Dass das Konzept der Synästhesie bemüht wird, ist dennoch einsichtig. Ist von Synästhesie die Rede, ist die – literarische – Décadence nicht weit, die in Helmuth Kiesels »Geschichte der literarischen Moderne. Sprache, Ästhetik, Dichtung im zwanzigsten Jahrhundert« folgende Reihe eröffnet: »Décadence, Synästhesie, Dilettantismus, Neurotiker, Symbolismus, Renaissance, Impressionismus, Fin de siècle, Tod, Satanismus, Leben – und natürlich auch Moderne selbst.«. Ein paar dieser Aspekte ließen sich auch kulturdiagnostisch auf ASMR-Phänomene beziehen. Ich möchte die Reihe aber nun um den Begriff ›Nervenreiz‹ erweitern. Wir haben es bei ASMR mit einem Phänomen zu tun, in dessen Rahmen in einer zwar entspannten, aber doch konzentrierten und letztlich reflexiven Innenschau teilweise kleinste, subtilste, verfeinertste Reize gesucht werden, und es zu einer Ausdifferenzierung dieser Sinnesreize und der darauf folgenden Sinneswahrnehmungen kommt. Es lässt sich vermuten, dass die den ASM Responses beigegebene Reflexivität auch der Neuheit des Phänomens geschuldet und ihnen nicht notwendig zu eigen ist. Aber auch diese Reflexivität der Nervenerfahrung rückt ASMR in die Nähe von Décadence-Phänomenen. Wir haben es mit einem Dédoublement (der Selbstverdopplung in Akteur und distanzierten Beobachter) angesichts höchster oder tiefster Erfahrung – Schmelzen – sowie deren bewusster Induktion und Beobachtung zu tun.

Stimulus und Response

Dass nicht alle Menschen ASM-Responses zeigen, ist nicht besonders bemerkenswert, denn es sind auch nicht alle Menschen empfänglich für die potenziell wohltuende Wirkung von Massagen. Manche reagieren eben, andere nicht. Viel interessanter – und nun wird das Offensichtlichste und Wesentlichste ausgesprochen – ist die Tatsache, dass wir hier ausschließlich von Zeichen-basierten Reizen sprechen. Akustische oder visuelle Reize lösen Empfindungen aus, die nach landläufiger Auffassung eher auf taktile Trigger zurückgehen. Wir wundern uns nicht darüber, wenn jemandem schaudert, wird ihm oder ihr der Nacken sanft gestrichen, Ölgüsse über die Stirn getröpfelt, heiße Steine aufgelegt, Federn und Tücher über die Haut gerieben etc., aber es ist weniger bekannt und verbreitet, dass medialisierte Reize ähnliche Wirkungen erzeugen können. Ob es nun auch ASMR-Studios gibt, weiß ich nicht, aber wichtig für das Phänomen ist, dass dies nicht nötig ist. Es handelt sich um ein genuin semiotisches Phänomen, um ein Medien-Phänomen, weil es um leicht zu medialisierende akustische und visuelle Reize geht – olfaktorische und taktile wären etwas schwieriger zu vermitteln.
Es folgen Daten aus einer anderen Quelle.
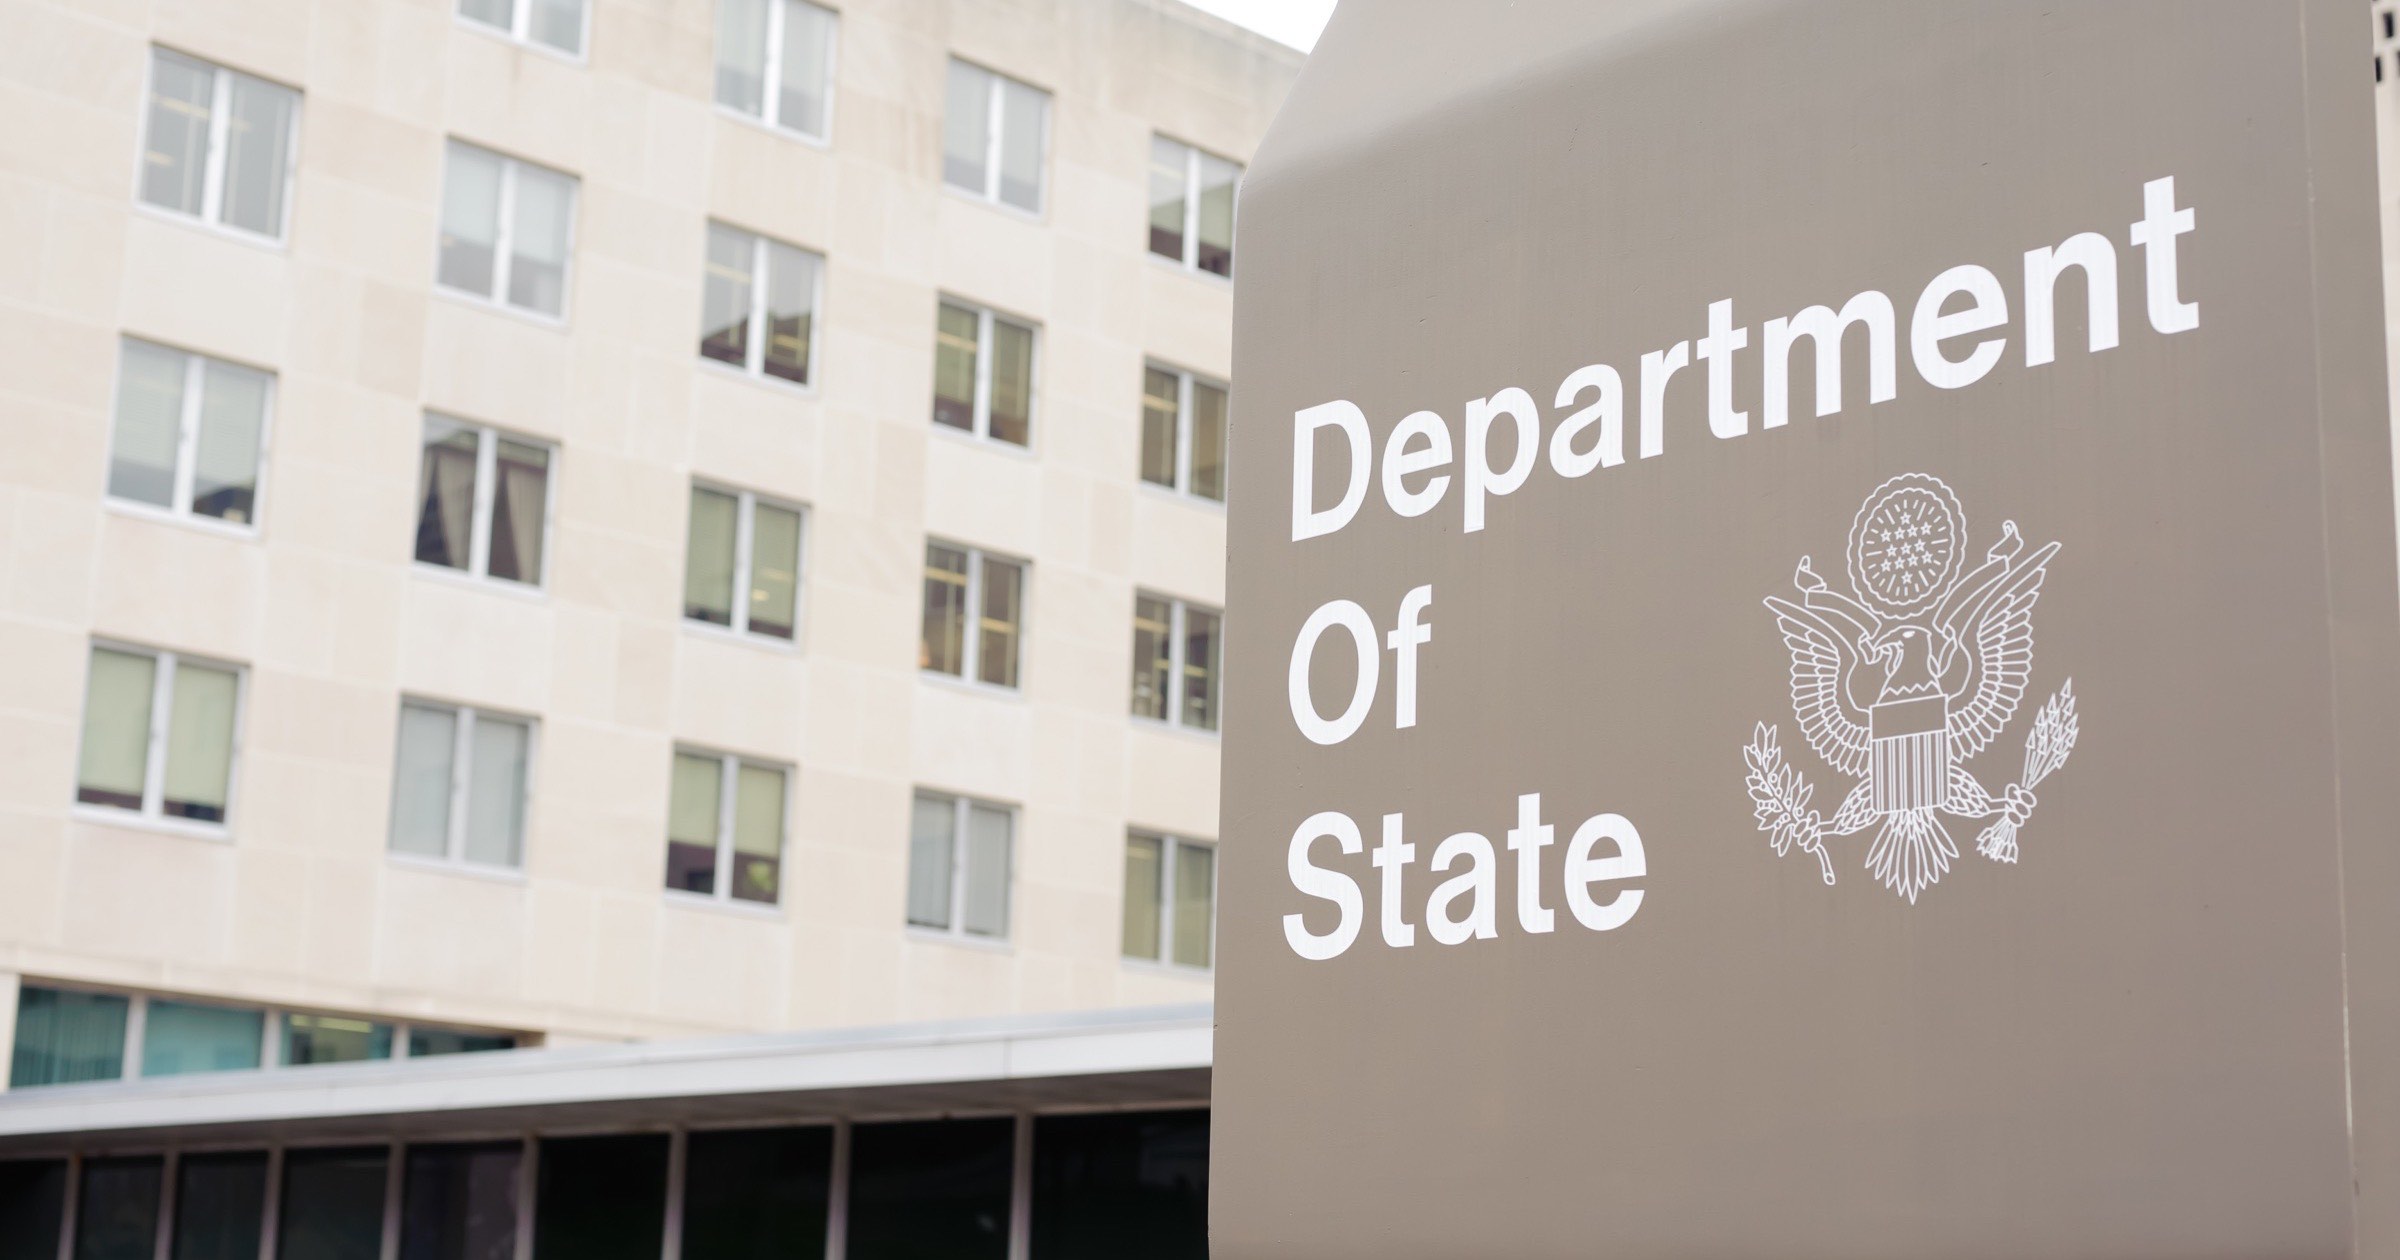 Department of state sign
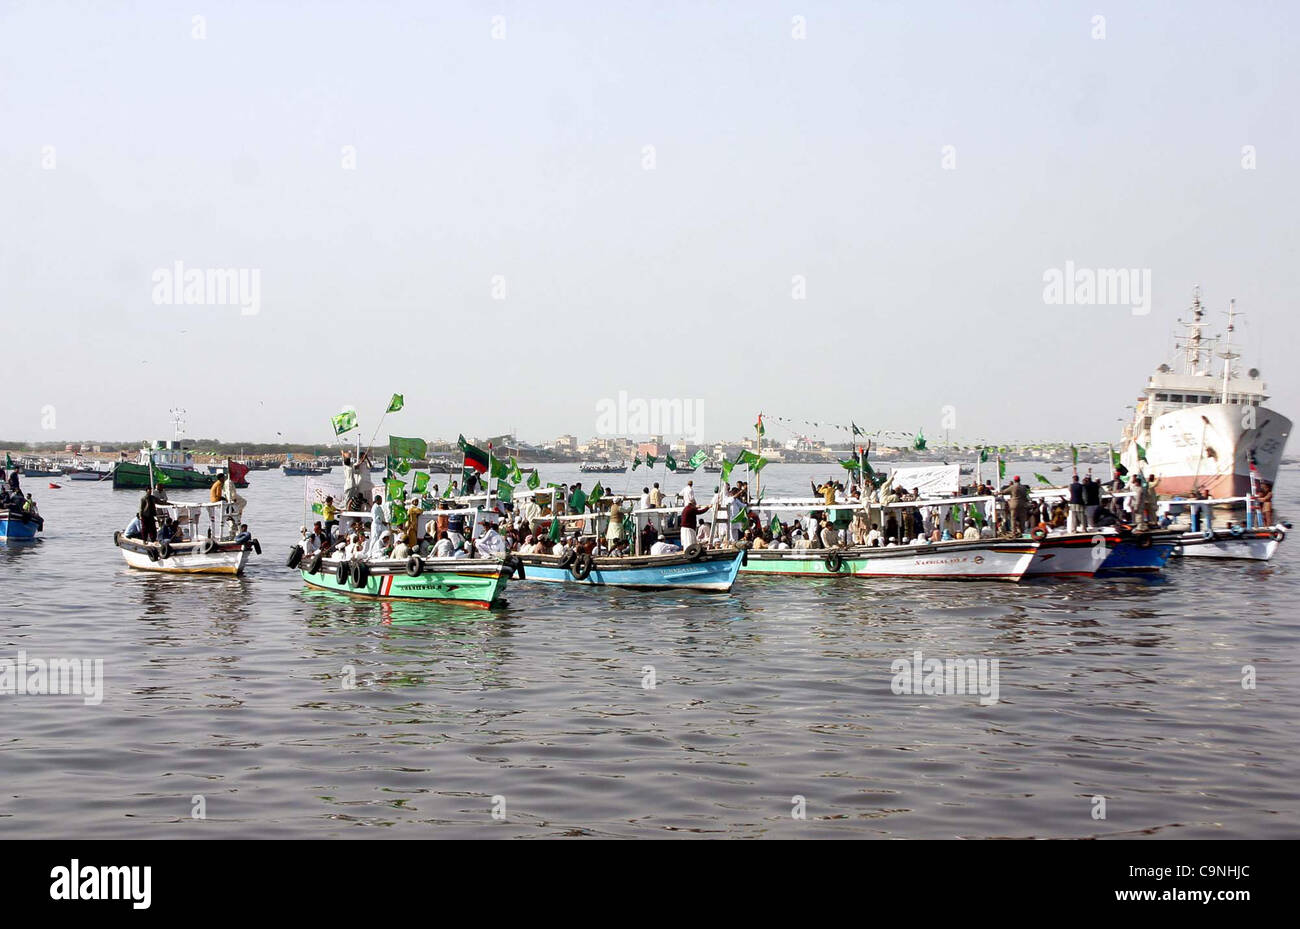 Supporters of Jamat-e-Ahle Sunnat ride on boats during boats rally from Manora to Kemari in the connection of Jashan-e-Eid Milad-un-Nabi (SAW) in Arabian Sea in Karachi on Wednesday, February 01, 2012. Stock Photo

Nun muss an der Stelle die Frage gestellt werden, ob ASM-Reaktionen tatsächlich autonom sind. Zeichen-abhängig sind sie in jedem Fall, aber wer wird sich schon bei der Namensgebung mit dieser semiotischen Selbstverständlichkeit aufhalten wollen. Darüber hinaus basieren sie aber möglicherweise auf Konditionierungsprozessen, hängen also nicht nur von den Zeichen/Triggern ab, sondern auch ganz heteronom davon, dass diese zuvor im Zusammenspiel mit anderen Reizen encodiert worden sind. Es ist durchaus denkbar, dass ursprünglich an taktile Auslöser gekoppelte Reize sich bei ASMR-Phänomenen verselbstständigt haben, dass akustische und visuelle Zeichen, die zusammen mit Berührungen erfahren wurden, später autonom wirken, weil sie alleine immer noch das Gleiche evozieren können wie die ursprünglich damit assoziierten taktilen Trigger. 

In solch einem theoretisch-abstrakten Rahmen liegt wahrscheinlich die Vermutung nahe, als Medien-Phänomen finde ASMR in der experimentellen Musik oder in avantgardistischen (Video-)Installationen seinen bevorzugten Ort. Aber spätestens seit »Santa Clarita Diet« kann man mit Abby Hammond bzw. Grace Finsler wissen, dass dies nicht der Fall ist. Die zeitgenössische Moderne der nicht-tonalen Sensationen wird nun hauptsächlich von nicht künstlerisch gebildeten YouTubern ins Werk gesetzt.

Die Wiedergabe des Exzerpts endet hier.